(What the task asks) The required output is the exact run of lines from the one that contains "Kit Creative Flex" to the end of the data, with every picture left out.

(Provided data)

((

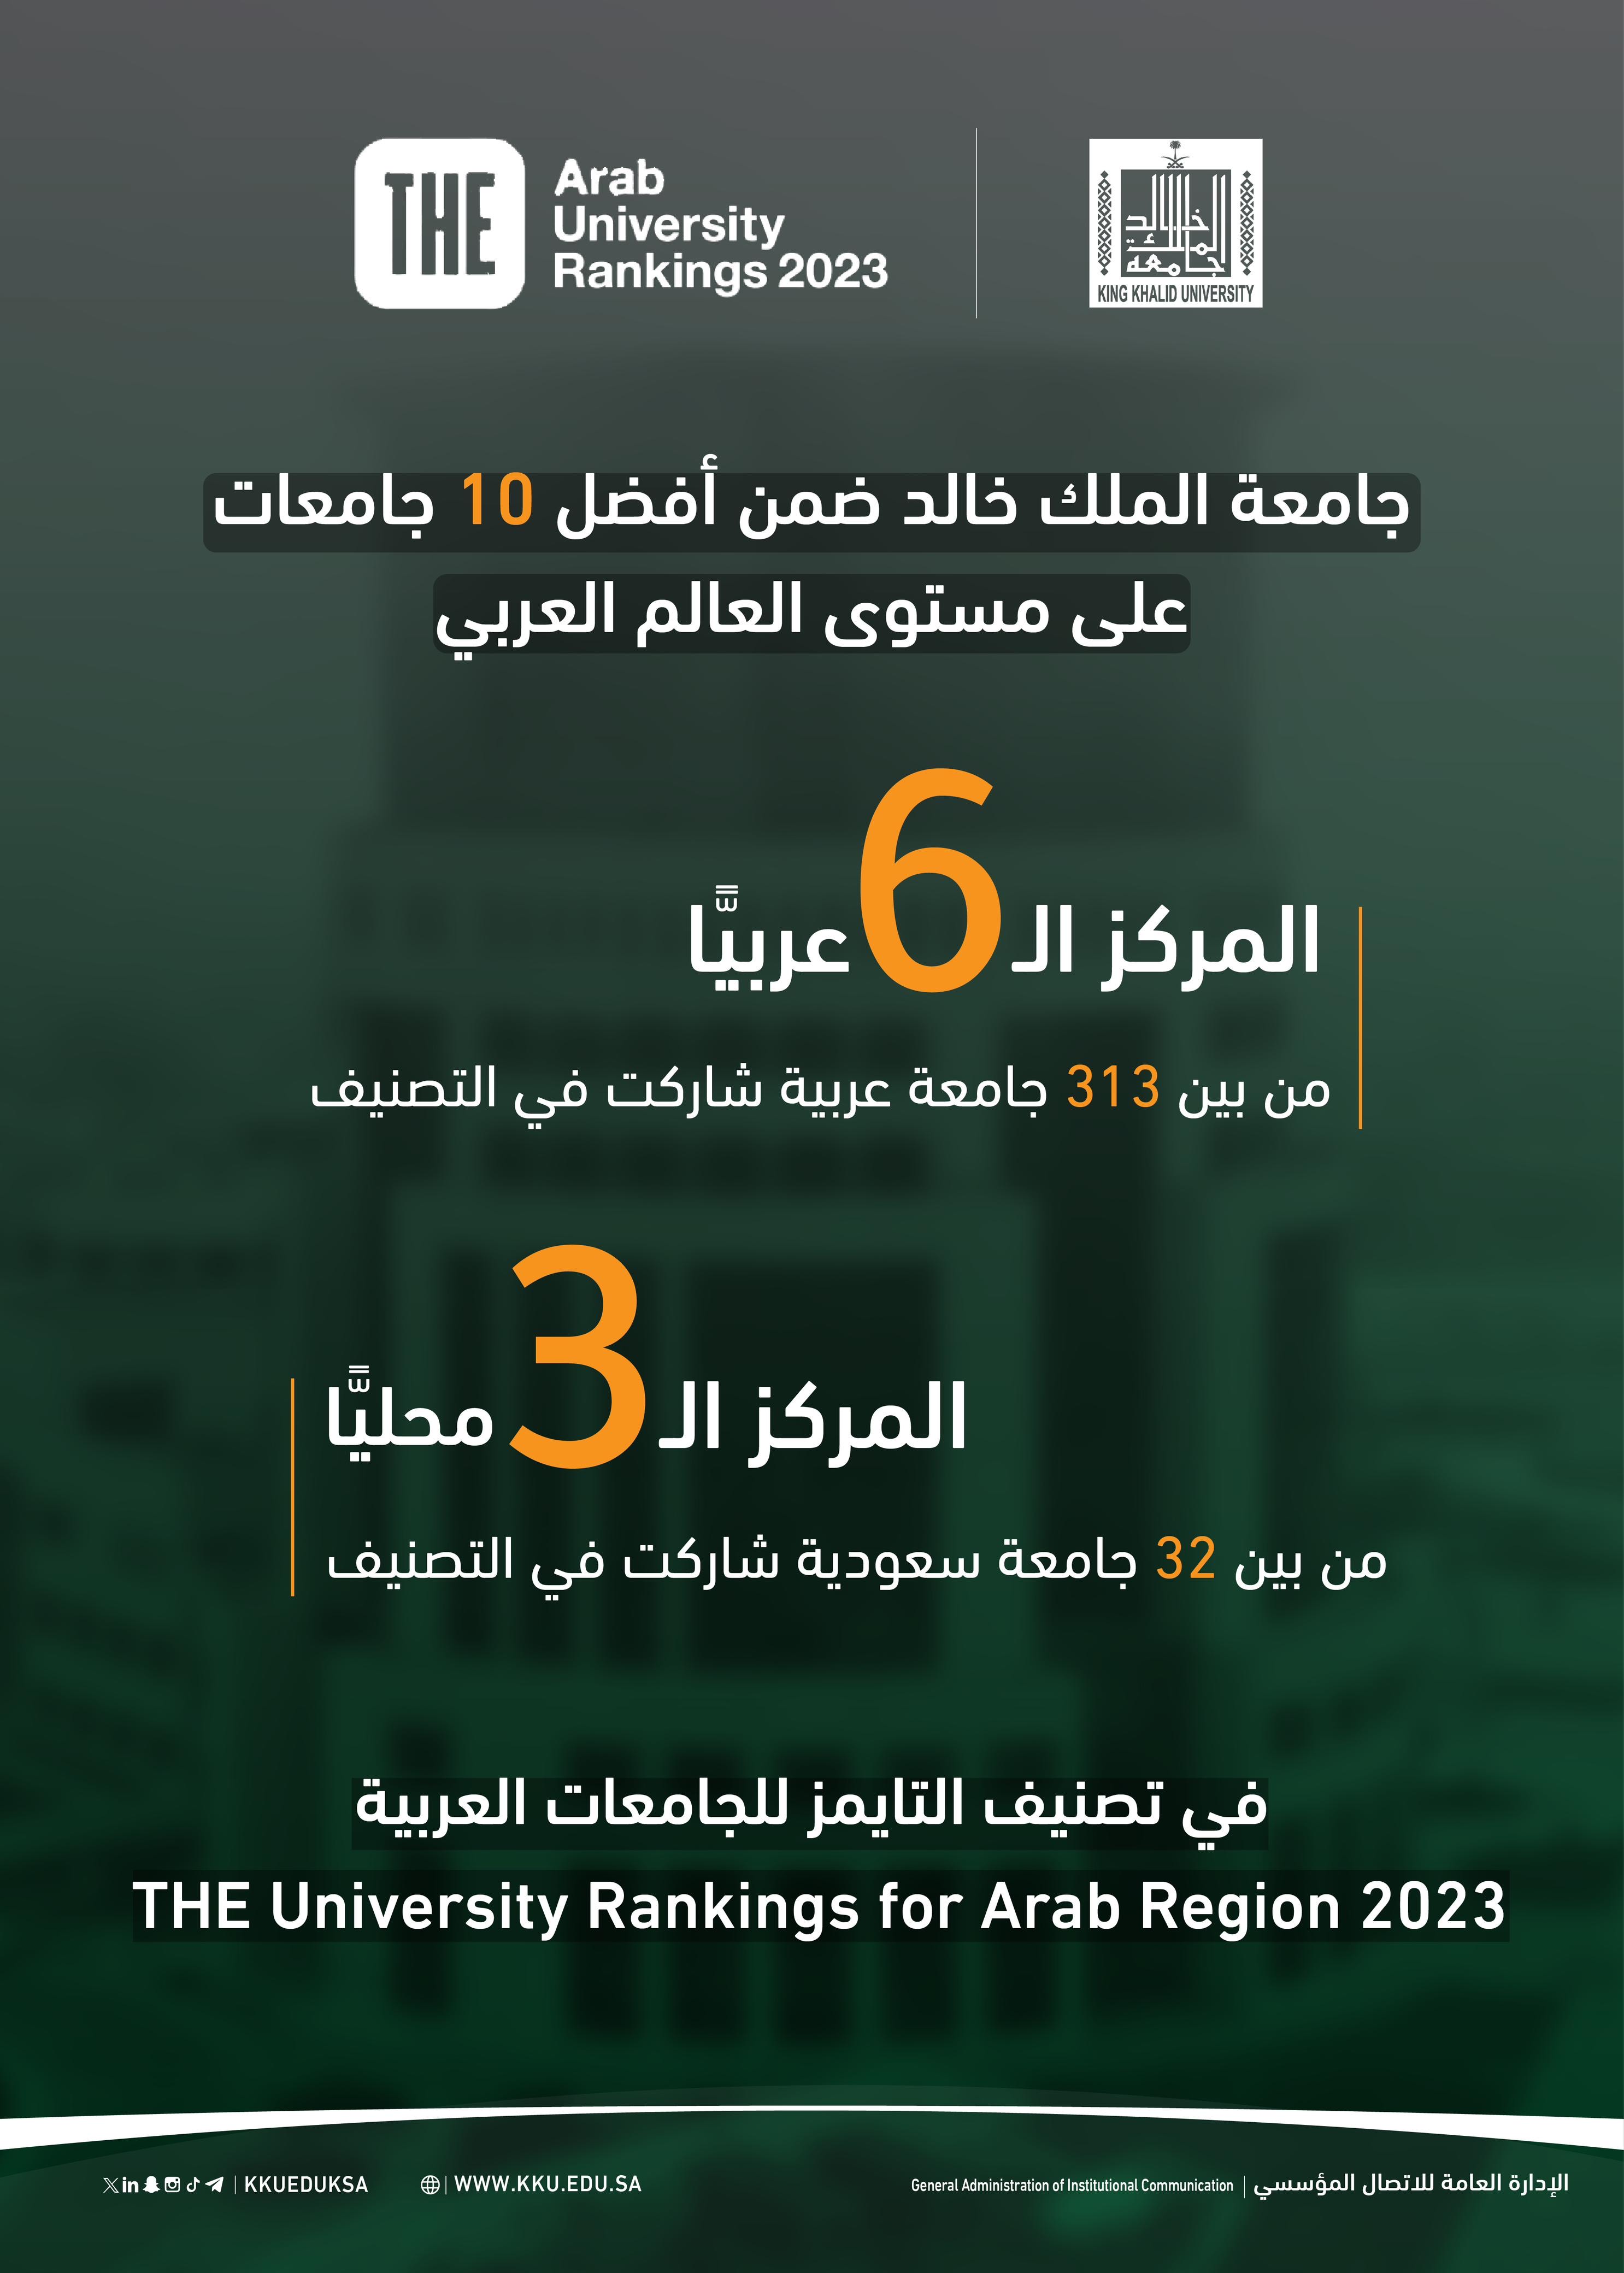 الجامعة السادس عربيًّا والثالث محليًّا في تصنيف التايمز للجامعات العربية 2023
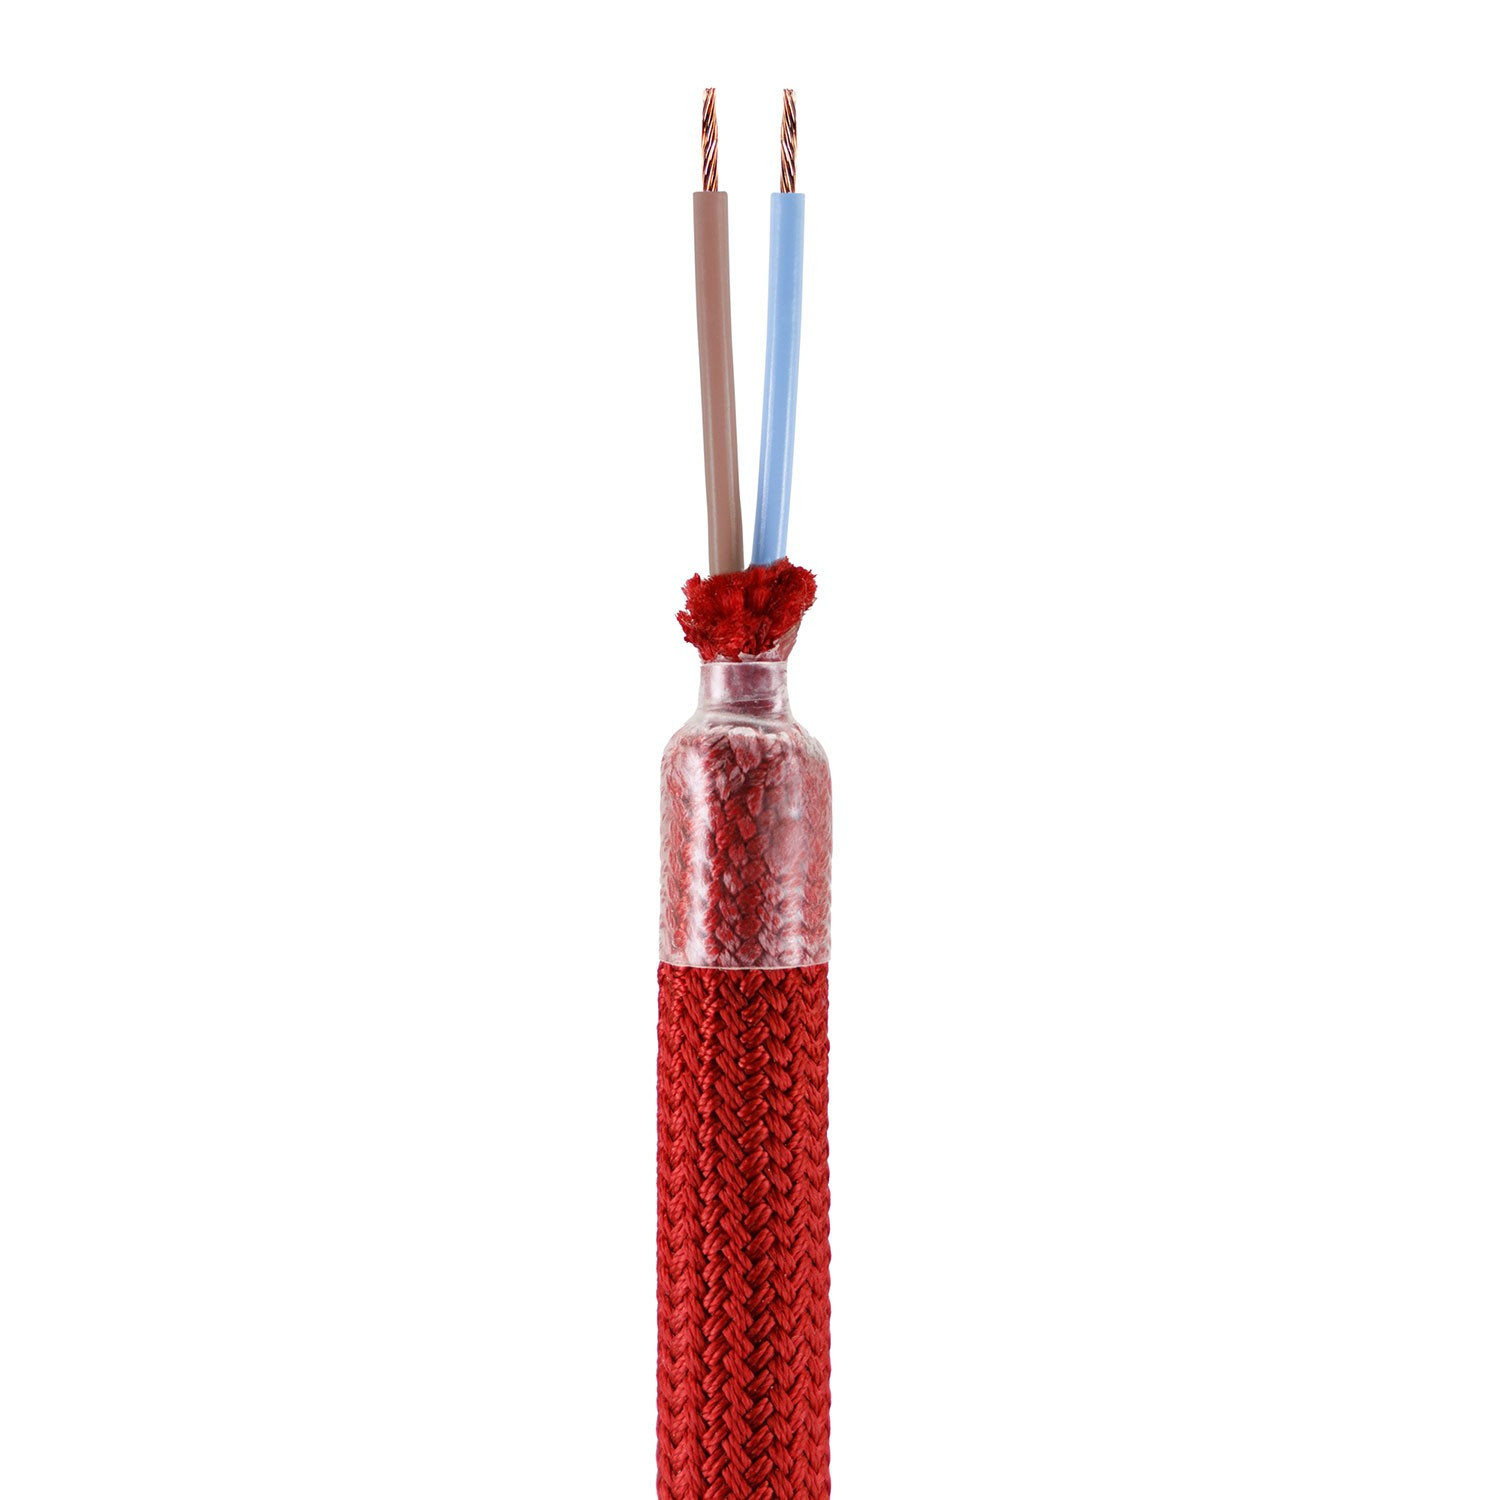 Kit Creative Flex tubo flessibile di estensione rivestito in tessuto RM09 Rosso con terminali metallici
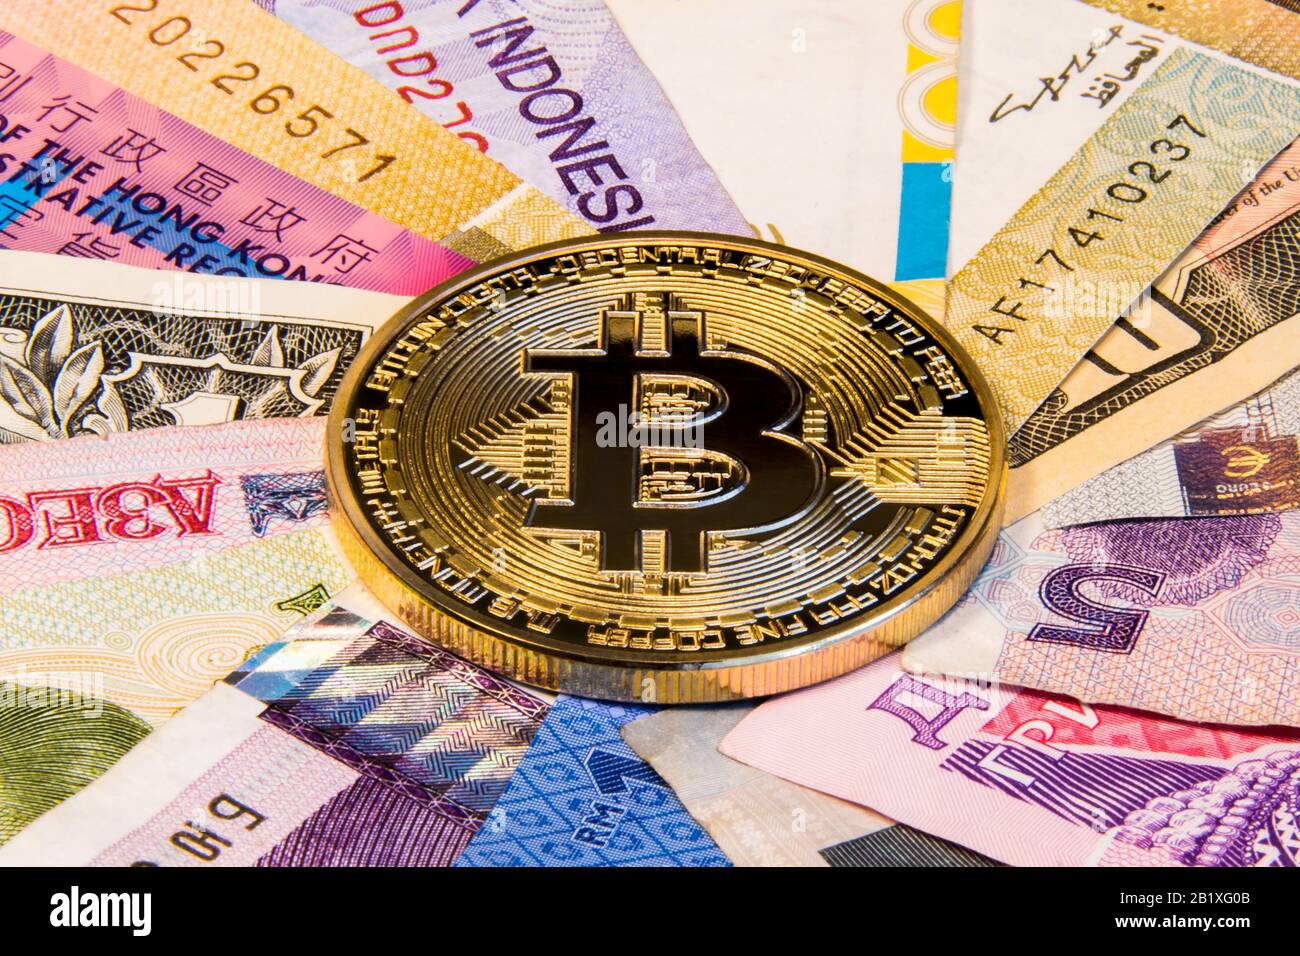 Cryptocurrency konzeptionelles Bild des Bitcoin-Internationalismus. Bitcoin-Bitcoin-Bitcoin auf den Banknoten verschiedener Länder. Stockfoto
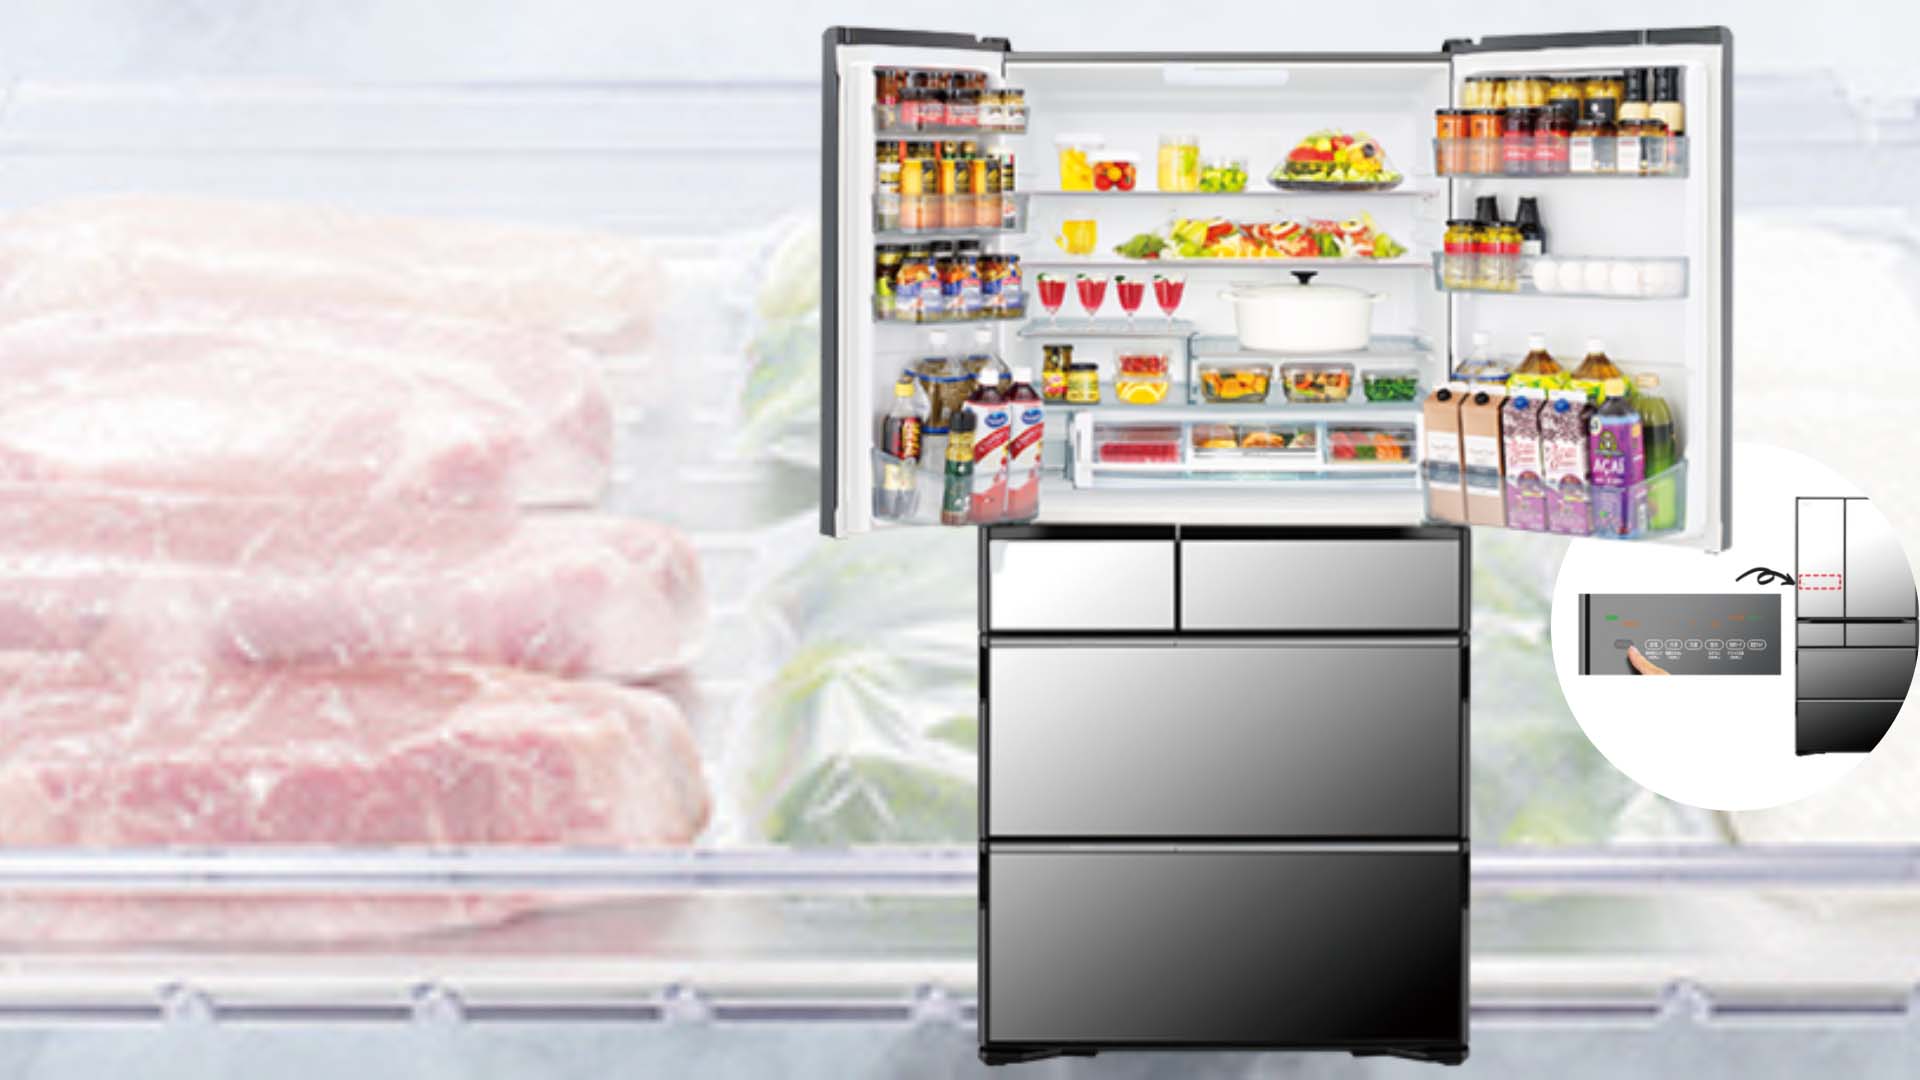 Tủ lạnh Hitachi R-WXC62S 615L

))

(Reply)
 Kit Creative Flex tubo flessibile di estensione rivestito in tessuto RM09 Rosso con terminali metallici
 Cryptocurrency konzeptionelles Bild des Bitcoin-Internationalismus. Bitcoin-Bitcoin-Bitcoin auf den Banknoten verschiedener Länder. Stockfoto
 Tủ lạnh Hitachi R-WXC62S 615L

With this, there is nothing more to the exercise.